The Trail to Buddha's Mirror (8 page)

Read The Trail to Buddha's Mirror Online

Authors: Don Winslow

Tags: #Fiction, #Thrillers, #General

“Nonsense,” Tom said quickly. “Bob is the official Kendall Household Adviser on Rose Fertilization.”

“You’ve done a wonderful job,” Olivia said. “Now if you could just think of a way to kill the weeds …”

“Not my line, I’m afraid. I only know how to make stuff grow.”

“You can keep your present position for as long as you want,” said Kendall.

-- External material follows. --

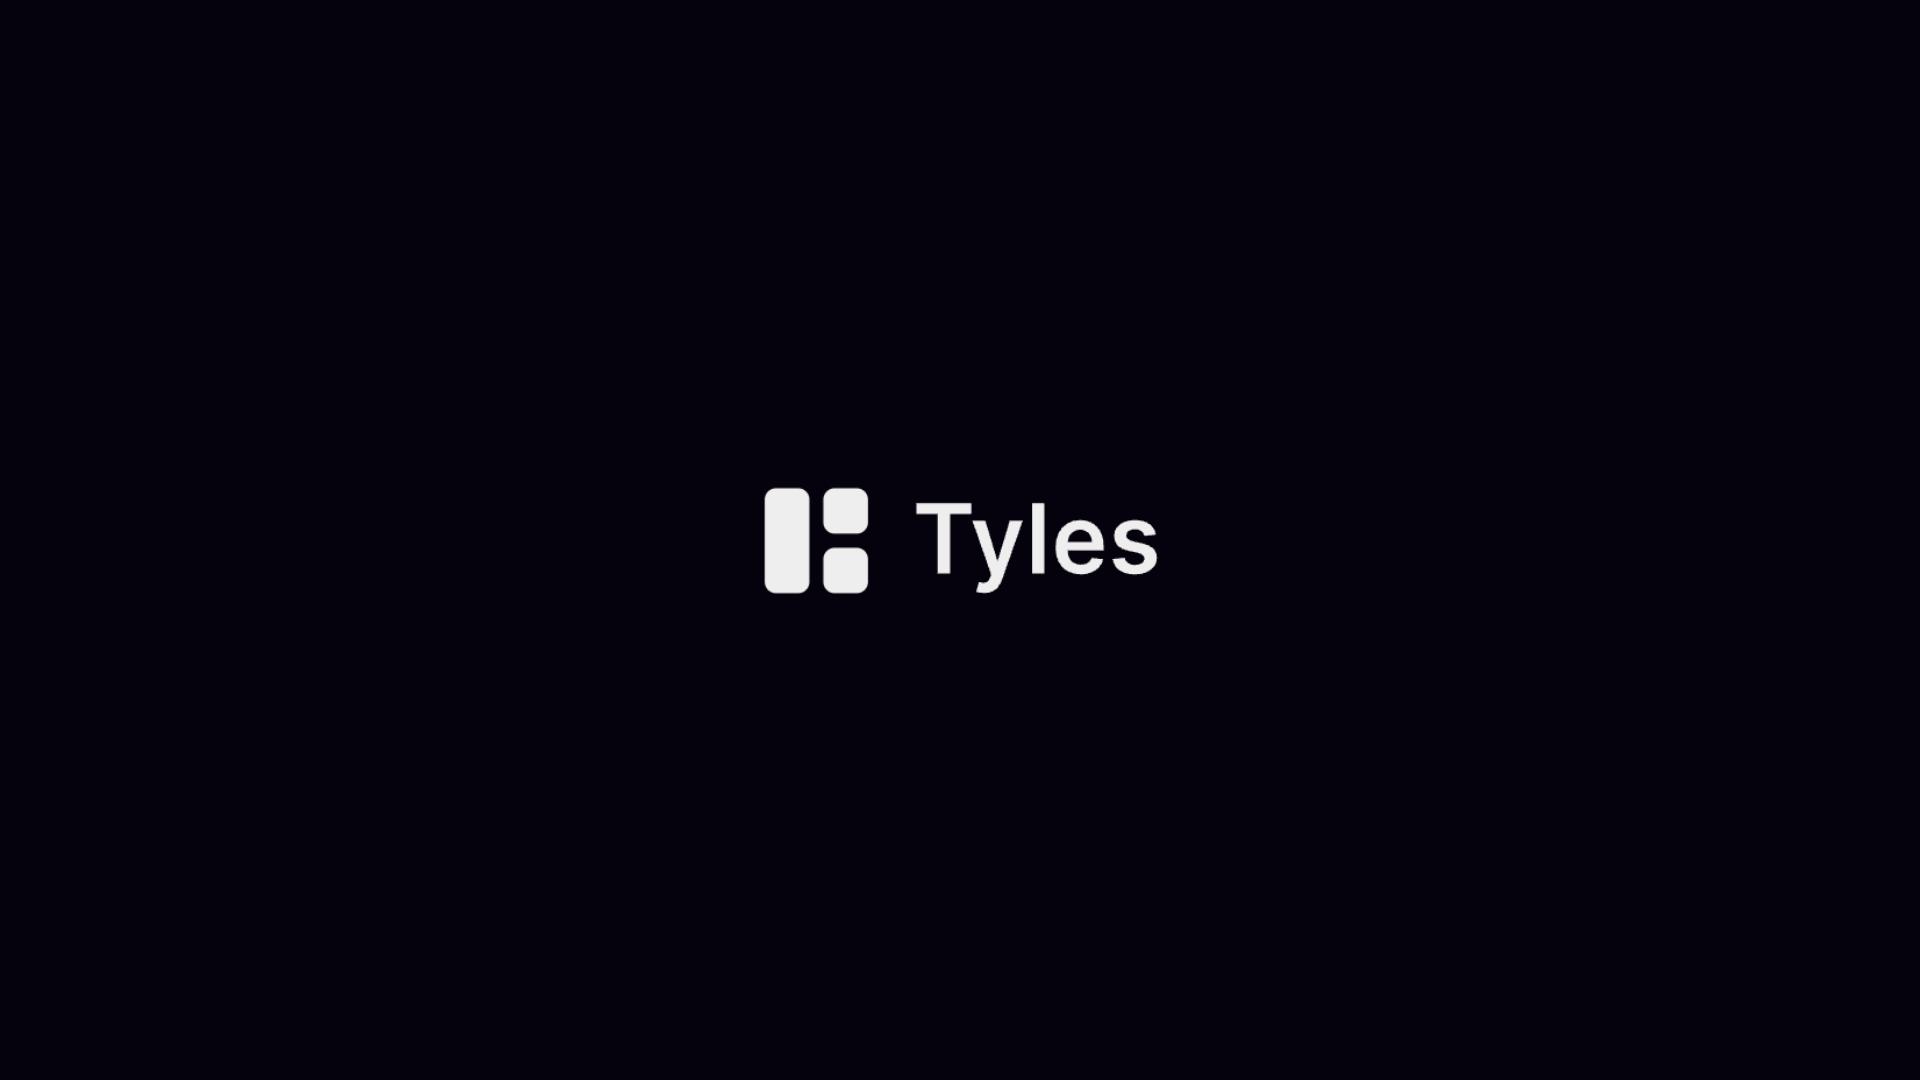 Tyles
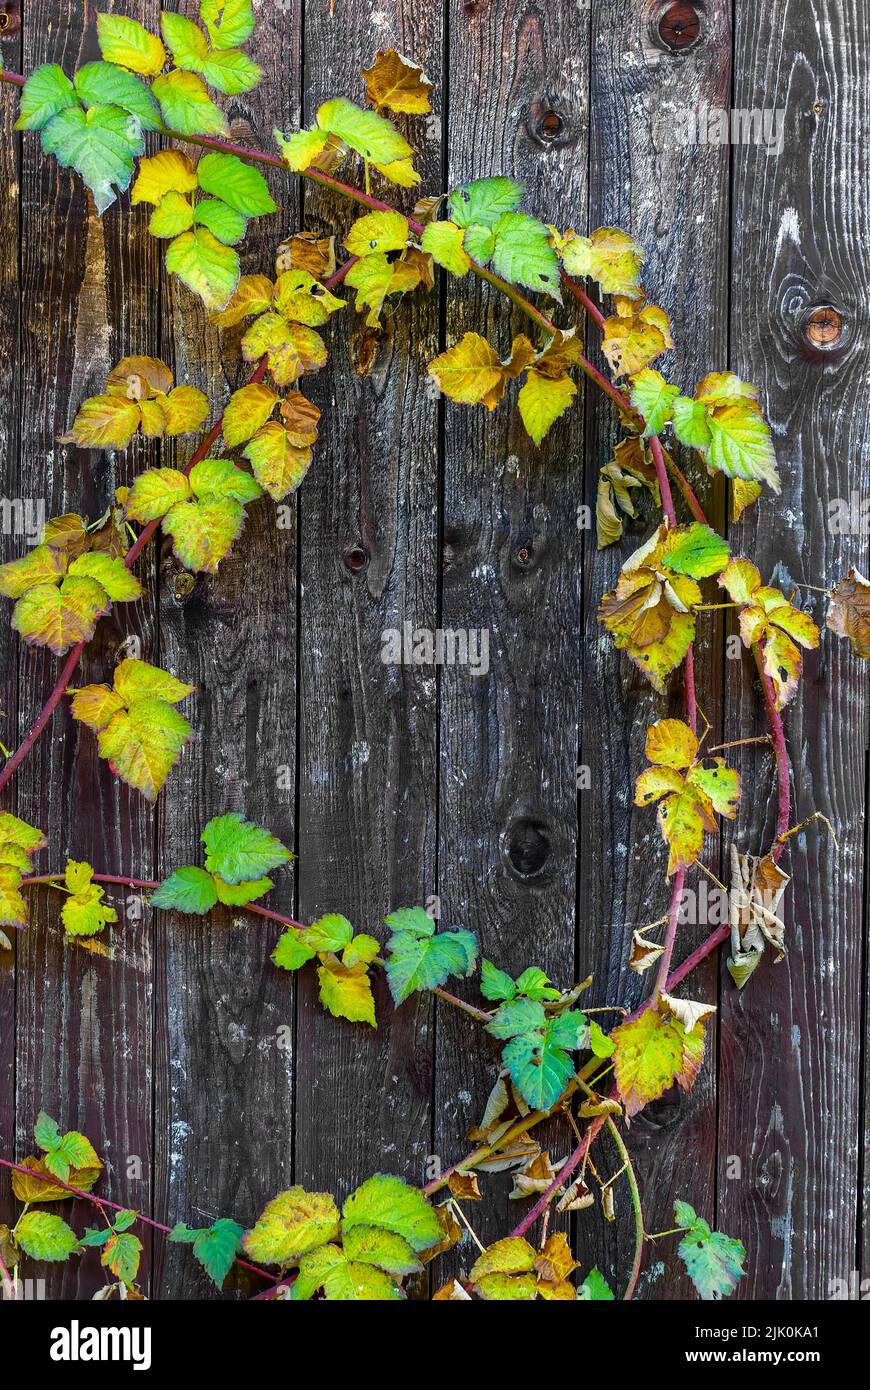 cartolina verticale d'autunno - foglie di tayberry d'autunno su sfondo di legno, dettagli d'autunno, cartolina d'autunno, carta da parati verticale Foto Stock

“The pay isn’t so hot,” Pendleton said, “but the food is great, the beer is cold, and the company …”

Pull the trigger, Neal. Pull it now.

“The company is sublime,” Neal said.

Yeah, it is, he thought as he finished off his cup of wine. You cultivate loneliness like a flower in your garden, you treat people like weeds that need to be torn away, and here is a world where people love eating together, talking together … love being with each other. A world you’ve imagined but never experienced. Until now. Until this evening. Talk about abusing the hospitality of good people….

“Chicken with peanuts and dried red peppers,” he heard Li Lan saying, and he looked up to see her set down a steaming plate.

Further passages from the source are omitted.